Elvis Oric

Posted on Aug 3, 2023 • Originally published at elvisoric.com on Aug 3, 2023

LLVM - Writing your first pass

#cpp #llvm #compiler #programming

Writing your first pass with LLVM

What is a pass? Simply put, it is a thing that analyzes or transforms LLVM IR inputs.

What are we going to use? We will use opt. What is opt?

The opt command is the modular LLVM optimizer and analyzer. It takes LLVM source files as input, runs the specified optimizations or analyses on it, and then outputs the optimized file.

This is so-called middle end. The input to the opt is LLVM IR and the output is alsoLLVM IR

Before we start writing our first pass, we need llvm. We can install it or build it ourselves. I used LLVM 16.

We can install llvm using:brew install llvm on MacOS or apt install llvm on Ubuntu. If you decide to build llvm, you can follow the official instructions here:https://llvm.org/docs/GettingStarted.html#getting-the-source-code-and-building-llvm

From this point I will refere to llvm installation directory as LLVM_PATH. To easier follow the rest of the stuff, you can just export LLVM_PATHIn my case it was export LLVM_PATH=/opt/homebrew/opt/llvm@16/To test this, we can invoke:$LLVM_PATH/bin/opt --version and this should return something similar to this:

Homebrew LLVM version 16.0.6
  Optimized build.
  Default target: arm64-apple-darwin22.5.0
  Host CPU: apple-m1

Let’s start from the point of how are we going to invoke opt

$LLVM_PATH/bin/opt -load-pass-plugin hello.dylib -passes=first -disable-output path/to/input.ll

We will have to provide our plugin, where our pass (or multiple passes) is defined, and a list of the passes. The plugin is a shared library. opt will load our plugin using dlopen and it will try to find a predefined function name in that plugin to set up the plugin. In this case, it will look for llvmGetPassPluginInfo function to initialize the plugin.

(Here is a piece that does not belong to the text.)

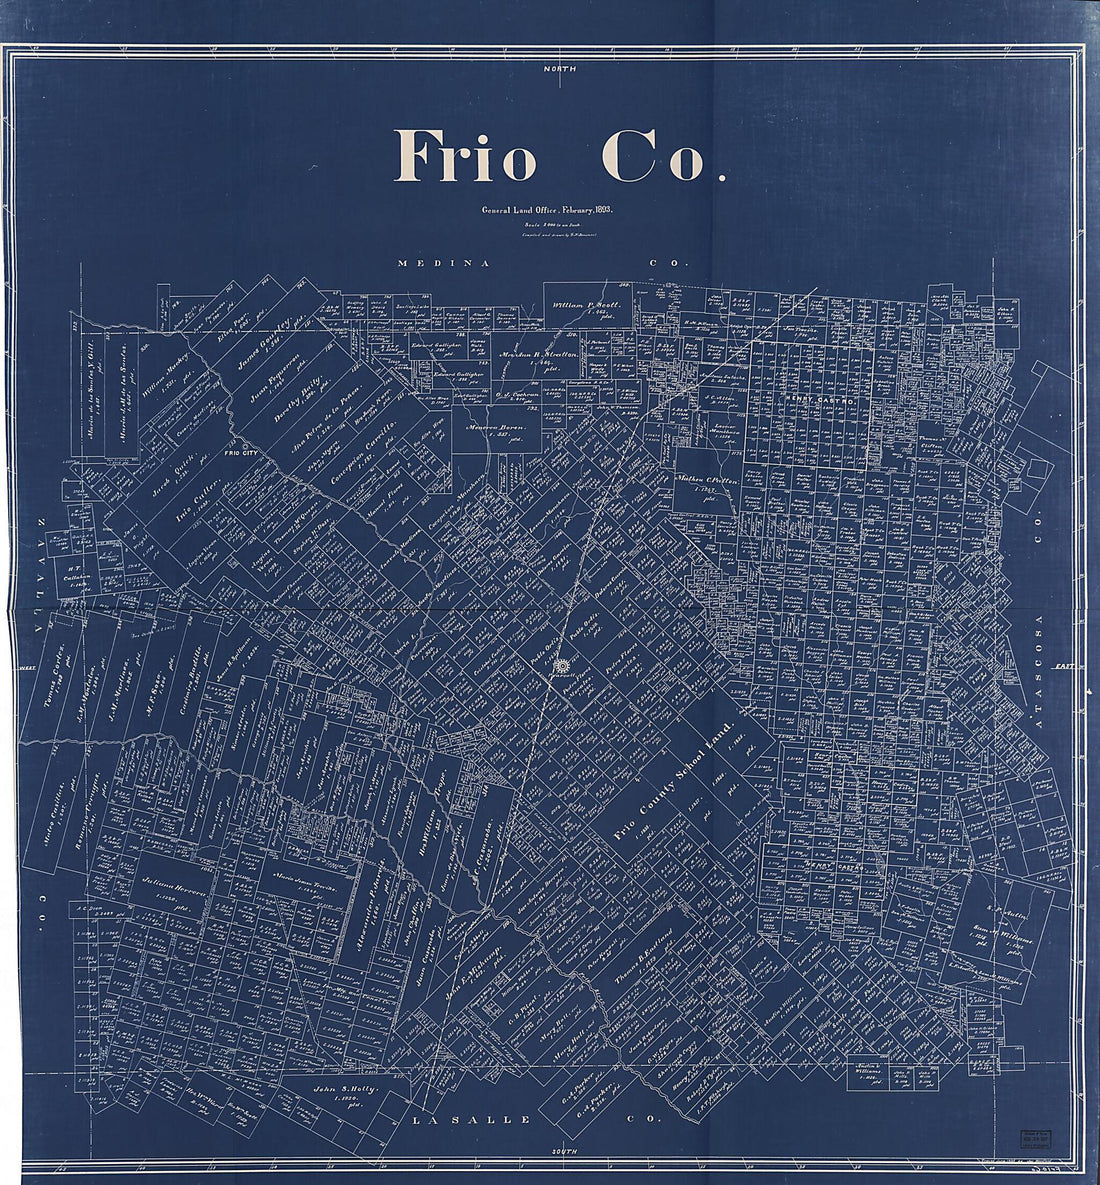 This old map of Frio County (Frio County, Texas) from 1893 was created by G. N. Beaumont in 1893

From the official documentation

/// The public entry point for a pass plugin.
///
/// When a plugin is loaded by the driver, it will call this entry point to
/// obtain information about this plugin and about how to register its passes.
/// This function needs to be implemented by the plugin, see the example below:
///
/// 
/// extern "C" ::llvm::PassPluginLibraryInfo LLVM_ATTRIBUTE_WEAK
/// llvmGetPassPluginInfo() {
/// return {
/// LLVM_PLUGIN_API_VERSION, "MyPlugin", "v0.1", [](PassBuilder &PB) { ... }
/// };
/// }
///

This means that our plugin should implement this function. Let’s quickly check the return type:

struct PassPluginLibraryInfo {
  uint32_t APIVersion;
  const char *PluginName;
  const char *PluginVersion;
  /// The callback for registering plugin passes with a \c PassBuilder
  /// instance
  void (*RegisterPassBuilderCallbacks)(PassBuilder &);
};

So, the minimal version of our plugin looks like this: first.cpp:

#include "llvm/Passes/PassBuilder.h"
#include "llvm/Passes/PassPlugin.h"
#include "llvm/Support/raw_ostream.h"

extern "C" LLVM_ATTRIBUTE_WEAK ::llvm::PassPluginLibraryInfo
llvmGetPassPluginInfo() {
  return {LLVM_PLUGIN_API_VERSION, "First", "0.1", [](llvm::PassBuilder &PB) {
            llvm::errs() << "Register pass builder callback :)\n";
          }};
}

We can build it from command line using:

$LLVM_PATH/bin/clang++ -std=c++17 first.cpp -shared -fno-rtti -fno-exceptions `$LLVM_PATH/bin/llvm-config --cppflags --ldflags --system-libs --libs core` -o first

Before invoking opt, we need the input LLVM IR file. In our case, We will create a simple c source file and compile it to LLVM IR.foo.c

int foo(int a, int b) { 
  return a + b; 
}

Compile it using:

$LLVM_PATH/bin/clang -c -S -emit-llvm foo.c

Run opt with this command

$LLVM_PATH/bin/opt -load-pass-plugin first -passes=hello -disable-output foo.ll

And, we should get something like this:

Register pass builder callback :)
/opt/homebrew/opt/llvm@16/bin/opt: unknown pass name 'hello'

Now we can update the implementation of llvmGetPassPluginInfo to register our pass.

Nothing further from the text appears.